For less quirky things, I like the ability to simulate resource constraints, rather than trying to run into them with physical hardware. For example, it's pretty hard to write a load test that makes S3 slow, but it's pretty easy to hack up Minio to sleep for a second every MB of data and now your load tests can see what blows up when S3 is slow. Then you can edit your code to be resilient against that. (etcd on low iops disks has also been a problem in my work; that is easy enough to simulate without changing the code, cgroups provides a mechanism.
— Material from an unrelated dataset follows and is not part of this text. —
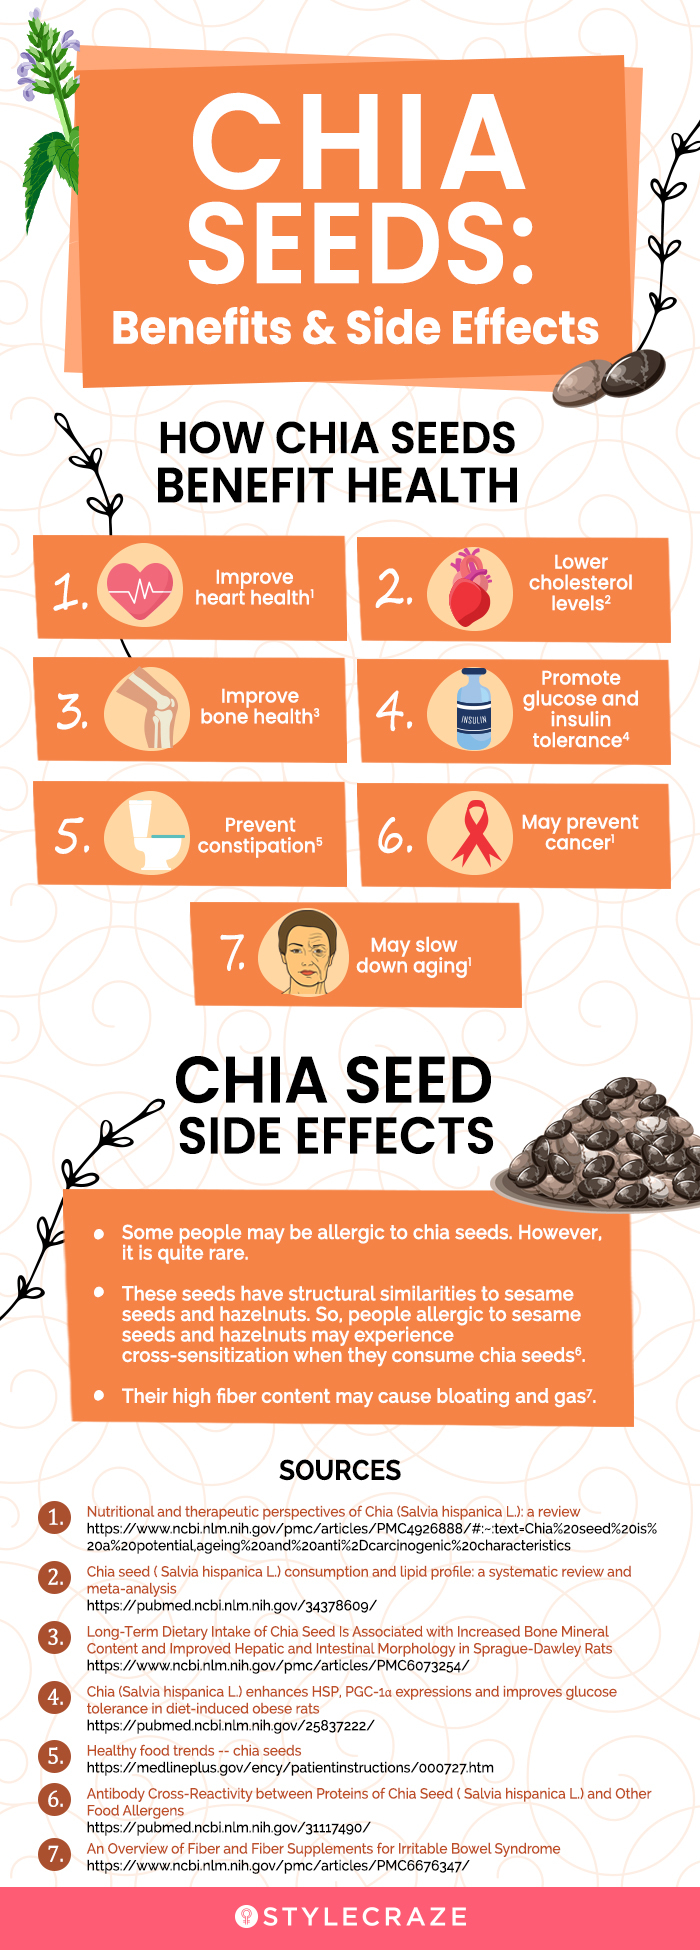 health benefits of chia seeds (infographic)

Now you don't actually have to generate enough load to make your disk slow.) Adjusting network latency with "tc qdisc add dev X netem ..." has also been useful for debugging slow file uploads over high-latency links without actually going through the hassle of renting a server far away to upload things to. I will say the disadvantage there is that the less you know about the full stack, the less you trust your simulations. You'll end up with a lot of pushback along the lines of "that's not a real scenario", and it is true that calling Write() slowly versus the OS not returning from the write() syscall because the disk is busy is a slightly different codepath and there can always be side effects that you're missing. But often the black box model is a worthwhile tradeoff for improved development cycle times; just make sure you add the instrumentation to real production so you can get data about how good your simulation is.
I'm willing to use error/latency budget for unusual production deployments to collect real-world data, for example, running 10% of requests through a build with the race detector enabled. That now accounts for your worst 10% response latency (and errors if you do have data races in hot paths!), but if it's within the budget, it's worth it because you get a stack trace pointing at a critical correctness error in your code, and you can go add that case to your unit tests and never have the problem again. Sometimes you can't think of everything, which is why telemetry from production is so important to me. (This kind of data is important for more than just the mechanics of the code, of course. Talk to your users and see if they like the new icon set. If they don't, your test in production failed and you should fix your app.) Finally, I also like fuzz testing on top of all of this; have a beefy computer generating the most corrupt possible data billions of times a second and see how your app behaves. Every fuzz test I've ever written has exposed a boneheaded subtle mistake in the code, even in code with 100% test coverage.